2

In the example code below, I was trying to adapt the accepted answer in this thread. The goal is to use multi-processing to generate independent random normal numbers (in the example below I just want 3 random numbers). This is a baby version of any more complicated code where some random number generator is used in defining the trial function.

Example Code

import multiprocessing

def trial(procnum, return_dict):
    p = np.random.randn(1)
    num = procnum
    return_dict[procnum] = p, num

if __name__ == '__main__':
    manager = multiprocessing.Manager()
    return_dict = manager.dict()
    jobs = []
    for i in range(5):
        p = multiprocessing.Process(target=trial, args=(i,return_dict))
        jobs.append(p)
        p.start()

    for proc in jobs:
        proc.join()
    print(return_dict.values())

However, the output gives me the same random number every time, rather than an independent random number for each entry in return_dict.

Output

[(array([-1.08817286]), 0), (array([-1.08817286]), 1), (array([-1.08817286]), 2)]

I feel like this is a really silly mistake. Can someone expose my silliness please :)

Tim Peters
  • 67,464
  • 13
  • 126
  • 132
Zhengyan Shi
  • 123
  • 5

2 Answers2

3

It's not a silly mistake, and it has to do with the way numpy does the staging across cores. Read more here: https://discuss.pytorch.org/t/why-does-numpy-random-rand-produce-the-same-values-in-different-cores/12005

But the solution is to give numpy a random seed from a large range:

import multiprocessing
import numpy as np
import random

def trial(procnum, return_dict):
    np.random.seed(random.randint(0,100000))
    p = np.random.randn()
    return_dict[procnum] = p

if __name__ == '__main__':
    manager = multiprocessing.Manager()
    return_dict = manager.dict()
    jobs = []
    for i in range(3):
        p = multiprocessing.Process(target=trial, args=(i,return_dict))
        jobs.append(p)
        p.start()

    for proc in jobs:
        proc.join()
    print(return_dict.values())
Aziz Sonawalla
  • 2,482
  • 1
  • 5
  • 6
  • It's a good answer, but I recommend seeding from a _much_ larger range; for example, `random.randrange(1 << 1000)`.Current versions of Python and numpy exploit integer seeds of any size, and unintended collisions are too likely with a small range ("birthday paradox") – Tim Peters Aug 31 '20 at 18:12
2

Just adding a gloss to @Aziz Sonawalla's answer: why does this work?

Because Python's random module works differently.
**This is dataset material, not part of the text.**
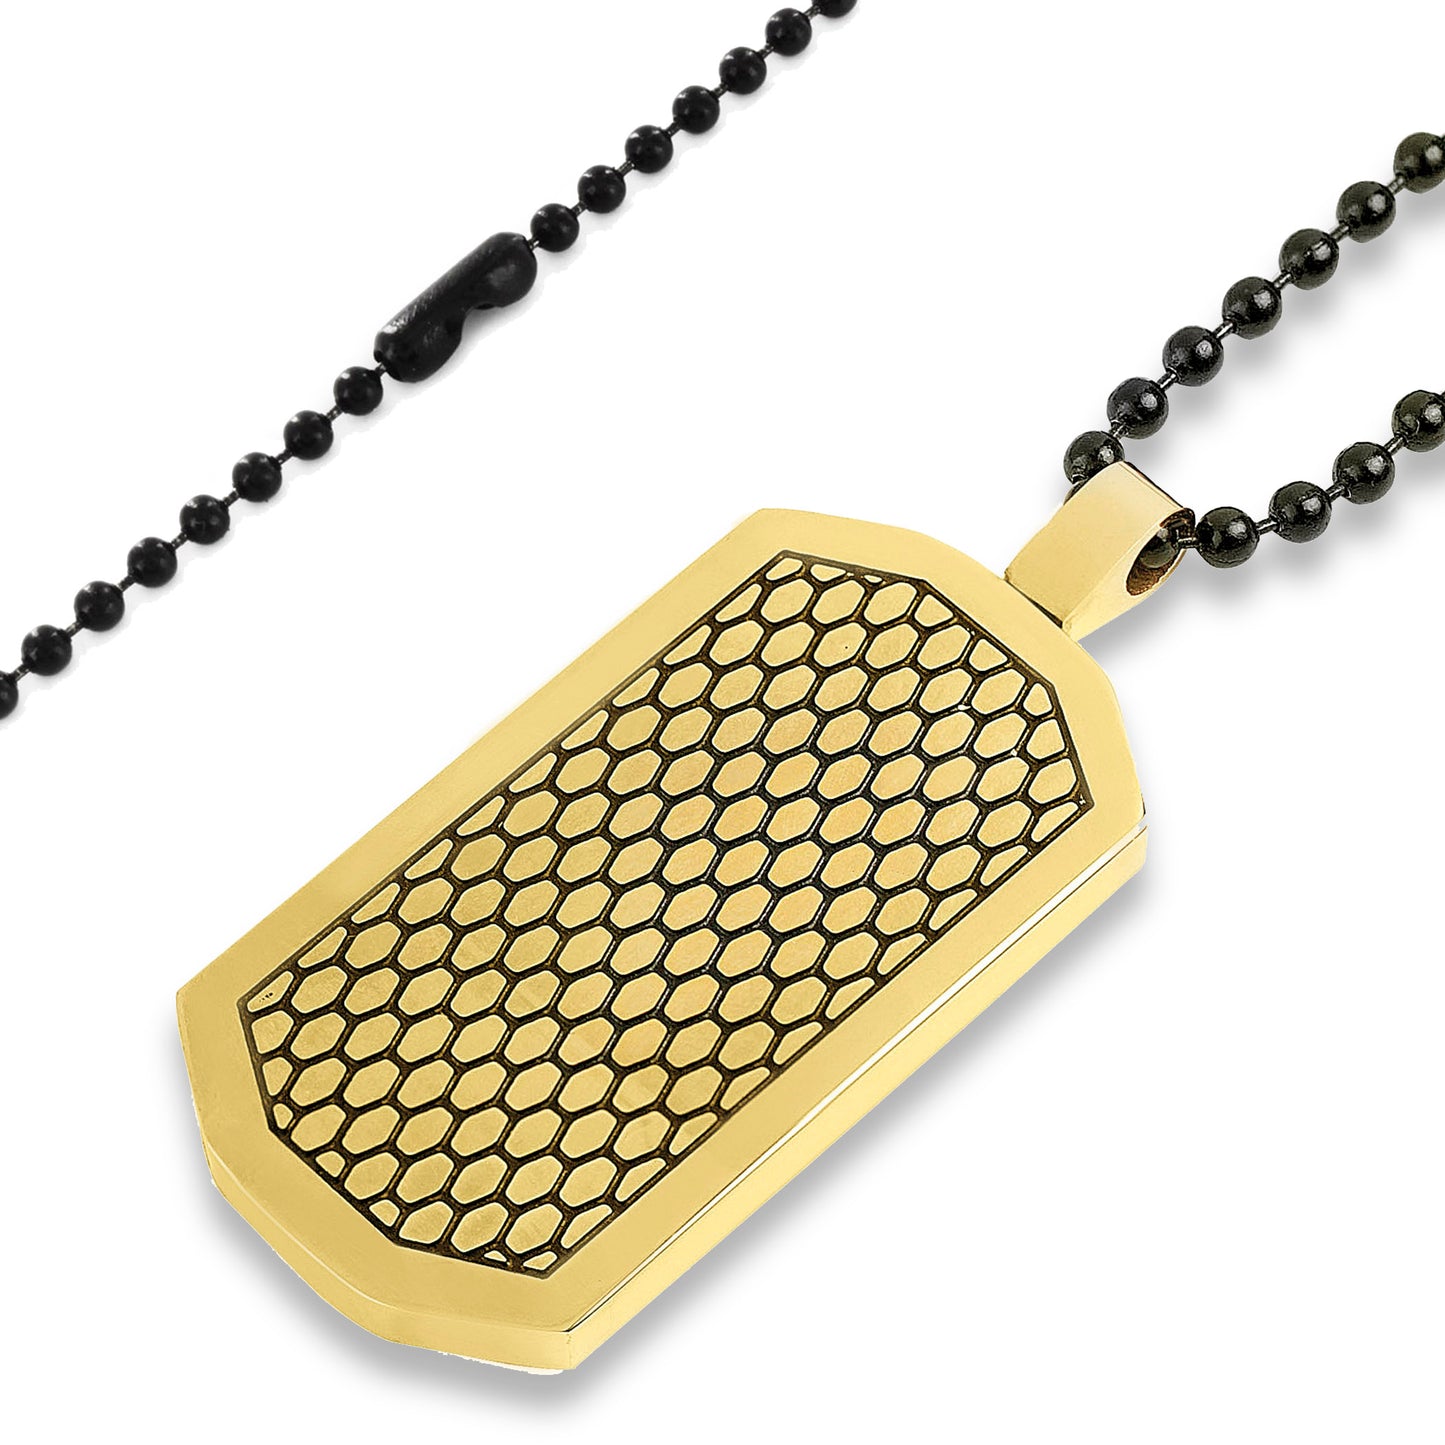 Men's Gold Plated Two-Tone Stainless Steel Honeycomb Texture Dog Tag Pendant Necklace - 24"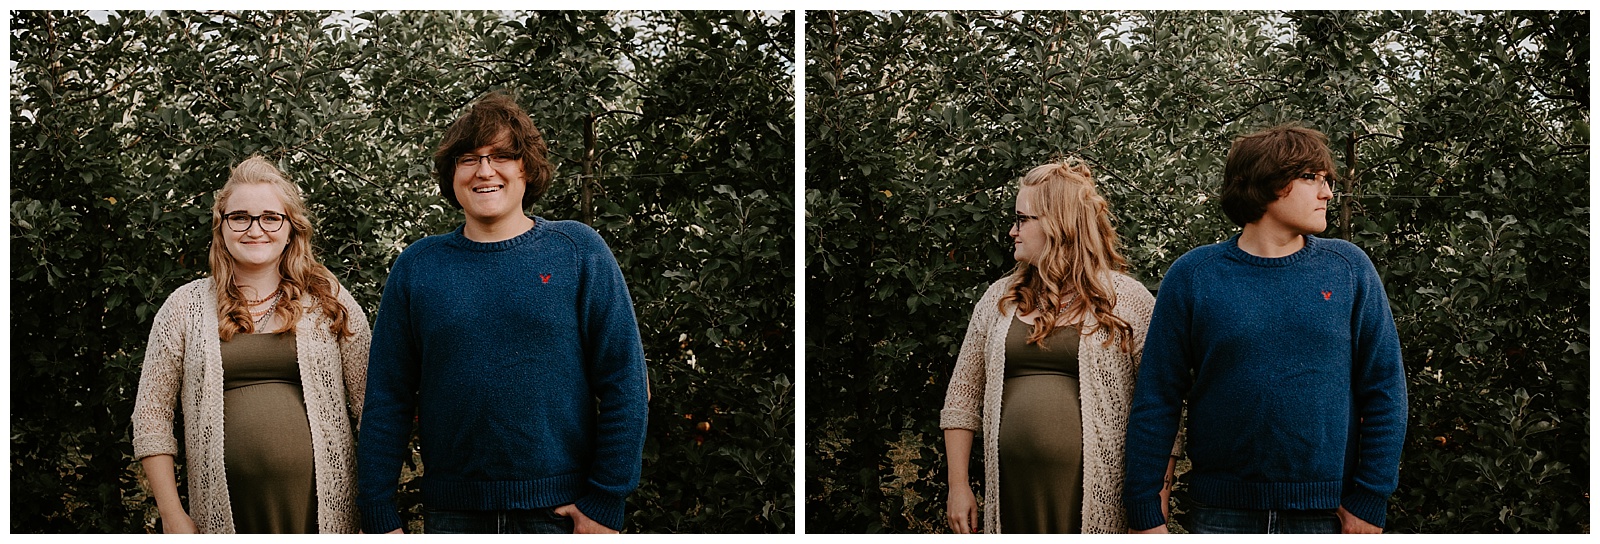 Maternity Session at Robinette's in Grand Rapids

On Windows, multiprocessing spawns new processes, and each is a freshly created instance that does its own from-scratch seeding from OS sources of entropy.

On Linux, by default multiprocessing uses fork() to create new processes, and those inherit the entire state of the main process, in copy-on-write mode. That includes the state of the random number generator. So you would get the same random numbers across worker processes from Python too, except that, at least since Python 3.7, Python explicitly (but under the covers - invisibly) re-seeds its random number generator after fork().

I'm not sure when, but for some time before 3.7 the multiprocessing Process implementation also re-seeded Python's generator in child processes it created via fork() (but Python itself did not if you called fork() yourself).

All of which is just to explain why calling Python's random.randrange() returns different results in different worker processes. That's why it's an effective way to generate differing seeds for numpy to use in this context.

Tim Peters
  • 67,464
  • 13
  • 126
  • 132